The program will prioritize young families and other impacted communities. Trudeau added that the historic stimulus will be equal to more than 3% of GDP.

Canada’s average weekly test positivity rate has soared to more than 7% on average in the last week of November according to the Public Health Agency of Canada. 

In an interview with the Canadian Broadcasting Corporation (CBC) Tuesday, Trudeau said that given the current spike in cases in Canada and worldwide, he would continue to ban most non-essential travel to Canada, including maintaining a partial border closure with the US. 

“Until the virus is significantly more under control everywhere around the world, we’re not going to be releasing the restrictions at the border,” Trudeau told the CBC. 

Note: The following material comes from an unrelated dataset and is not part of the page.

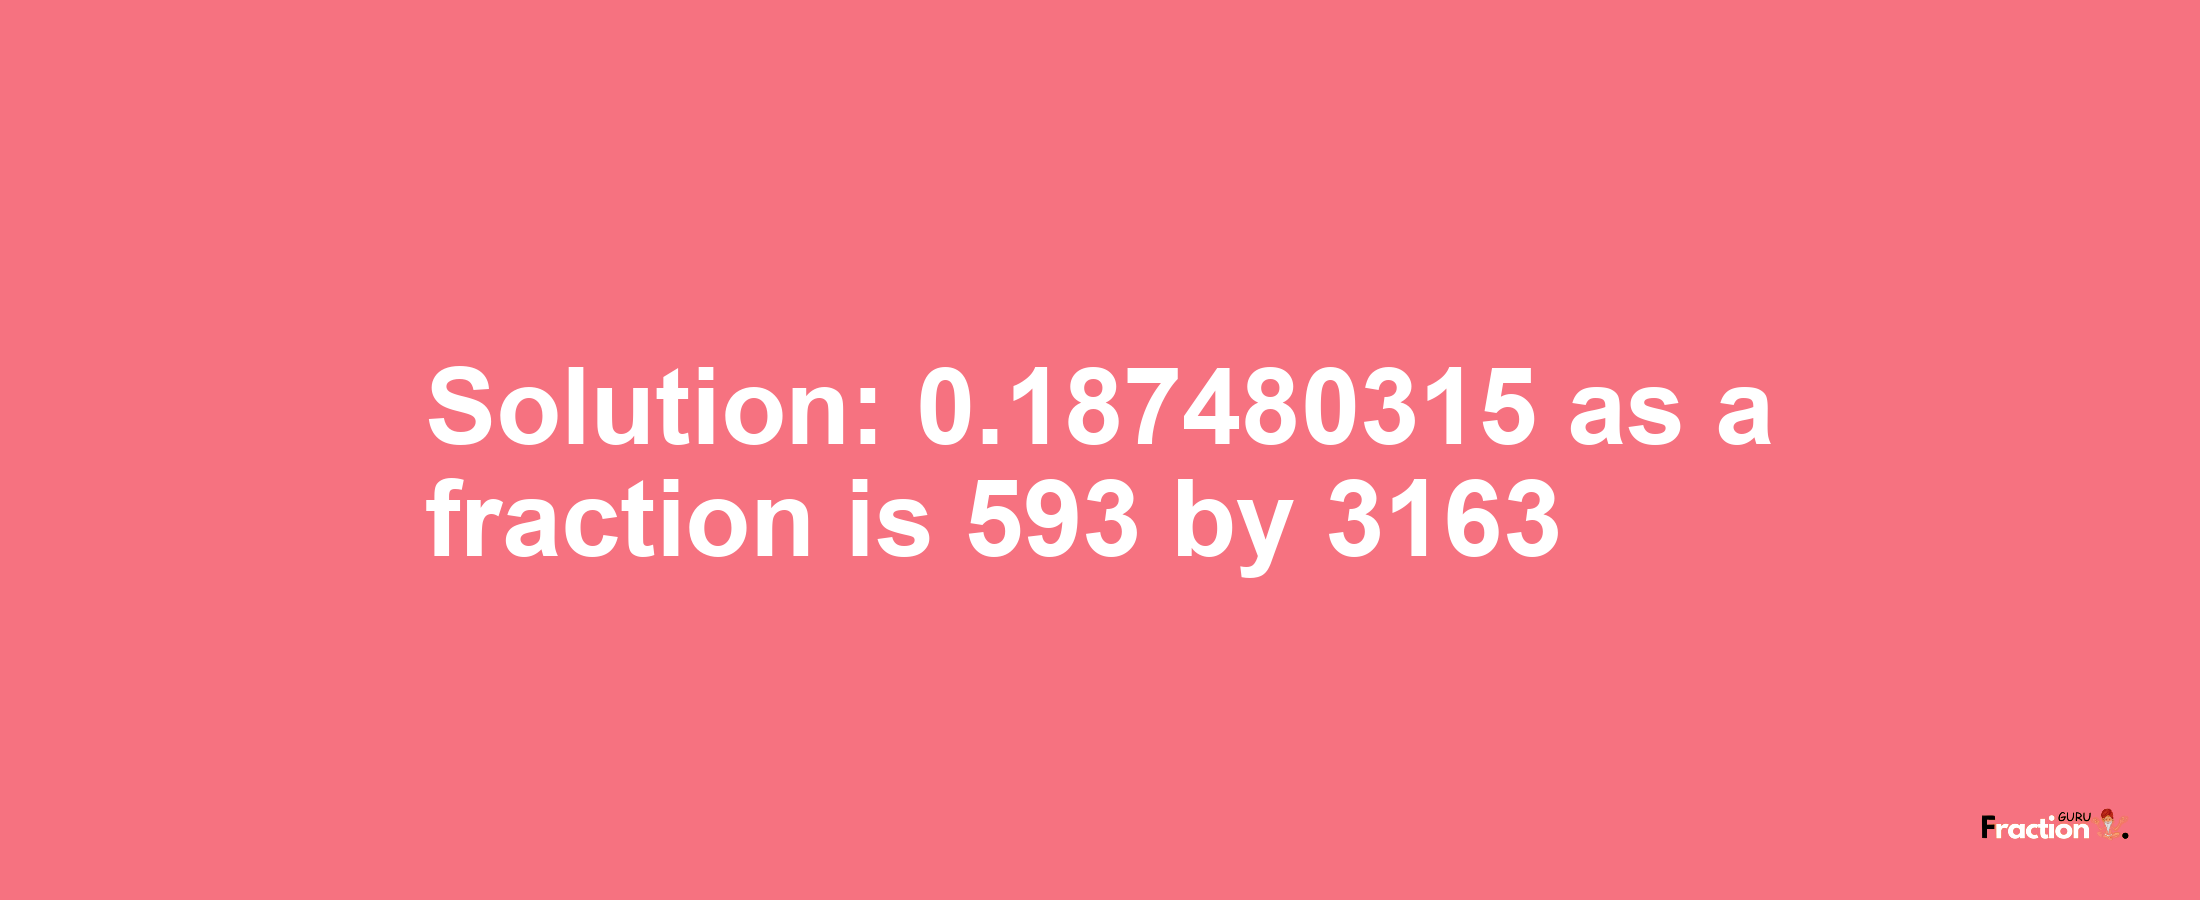 Solution:0.187480315 as a fraction is 593/3163

Note: These numbers were released by Canada's public health agency, and may not line up exactly in real time with CNN’s database drawn from Johns Hopkins University and the Covid Tracking Project.

3:49 p.m. ET, December 1, 2020

Wisconsin reports more than 100 new deaths from Covid-19

From CNN's Kay Jones

Wisconsin reported a daily record number of deaths on Tuesday, as the state continues to see a high rate of hospitalizations due to Covid-19, health officials said.

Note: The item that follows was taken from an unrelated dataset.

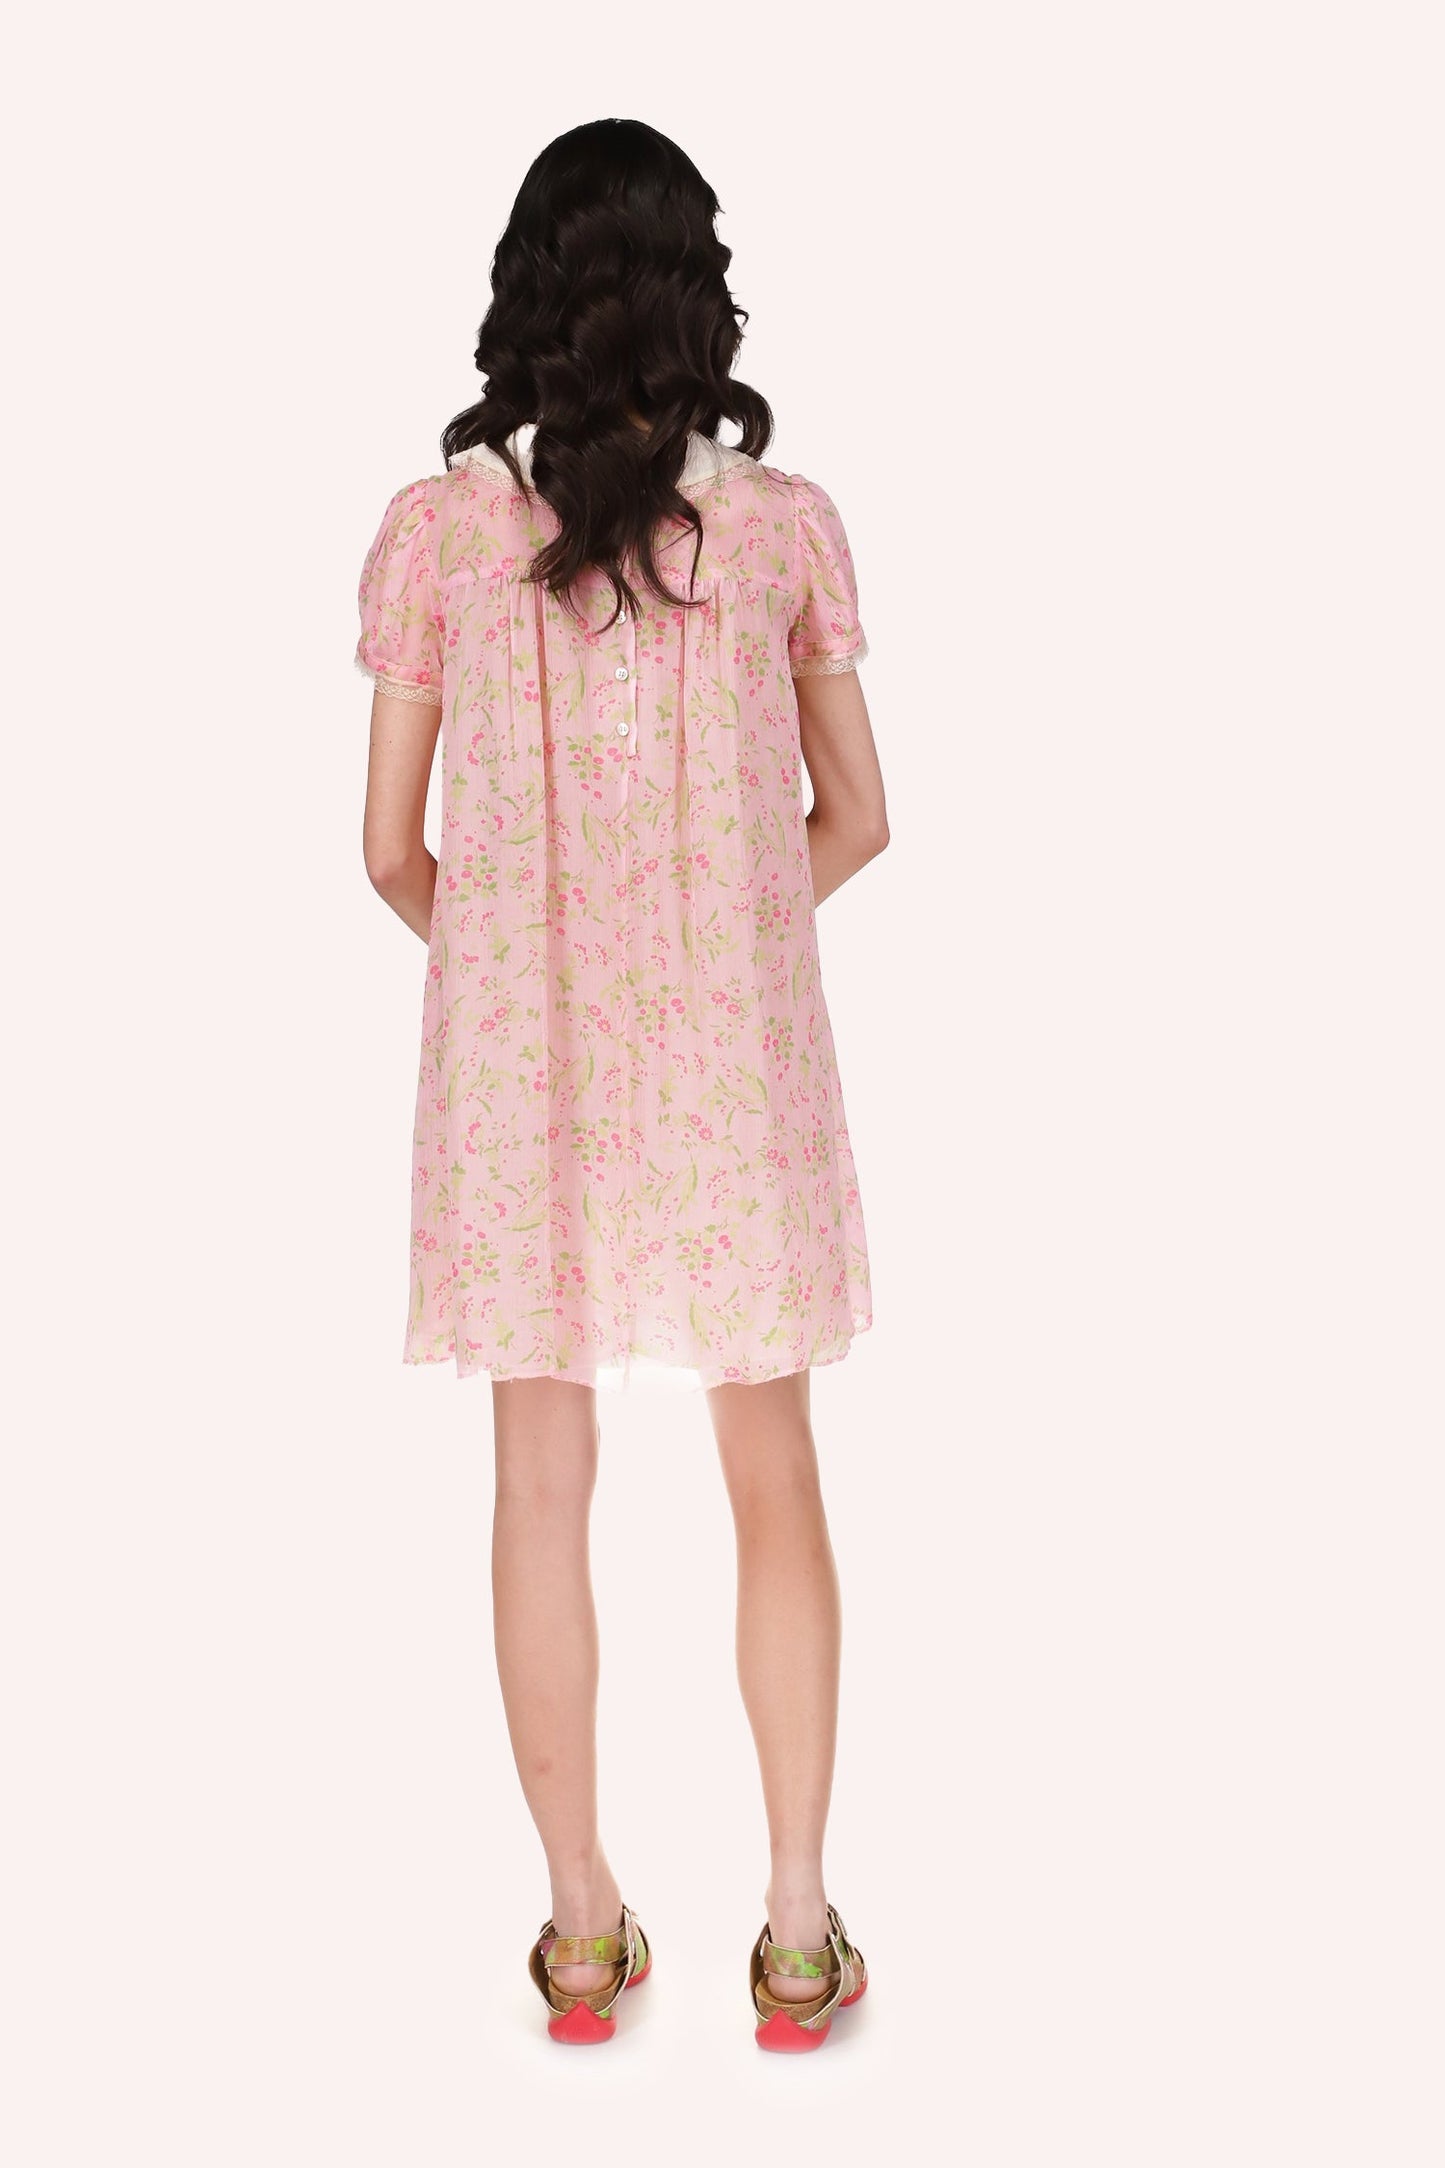 Babydoll Dress baby pink with floral pattern, with 3-pans ruffles effect from shoulders down

At least 107 deaths from Covid-19 were reported Tuesday — the second time the state has reported more than 100 new fatalities. There are now 3,420 total deaths statewide, the state's dashboard shows. 

Hospitals across the state are reporting "current and imminent critical staffing shortages," Department of Health Secretary-designee Andrea Palm said during a news conference today. The state dashboard currently shows that 15% of the state's staffed hospital beds are available.  

As CNN reported on Monday, nearly one in four people hospitalized in Wisconsin due to Covid-19 are in the intensive care. Gov. Tony Evers said today that more than 1,800 people are currently hospitalized due to the virus. 

Wisconsin reported 4,078 new cases Tuesday, bringing the state's total to 391,313.  

"As we continue to move through the holiday season and winter months, we must be as vigilant as ever," Evers said as he encouraged Wisconsinites to continue to wear masks and practice social distancing.

Note: These numbers were released by the state's public health agency and may not line up exactly in real time with CNN’s database drawn from Johns Hopkins University and the Covid Tracking Project.

3:35 p.m. ET, December 1, 2020

Covid-19 vaccine will not be available all at once, advisers are told

From CNN's Maggie Fox

Although federal officials expect to have 40 million doses of coronavirus vaccine available by the end of December, those doses will not all be available at once, US Centers for Disease Control and Prevention vaccine advisers were told Tuesday.

The CDC’s Advisory Committee on Immunization Practices is meeting to vote on who should be the first to get any vaccines that win emergency use authorization from the US Food and Drug Administration. ACIP is expected to designate health care workers in the first group.

One consideration: All 40 million doses would not be available right away, the CDC’s Dr. Sara Oliver told the meeting.

“We expect a constrained supply environment,” Oliver said. 

Oliver said the CDC expects between 5 million and 10 million doses will become available each week for the first few months as vaccine makers ramp up manufacturing.

That means ACIP may need to designate sub-groups to receive priority for vaccination, she said. 

Two companies – Pfizer and Moderna – have applied for EUA from the FDA for coronavirus vaccines.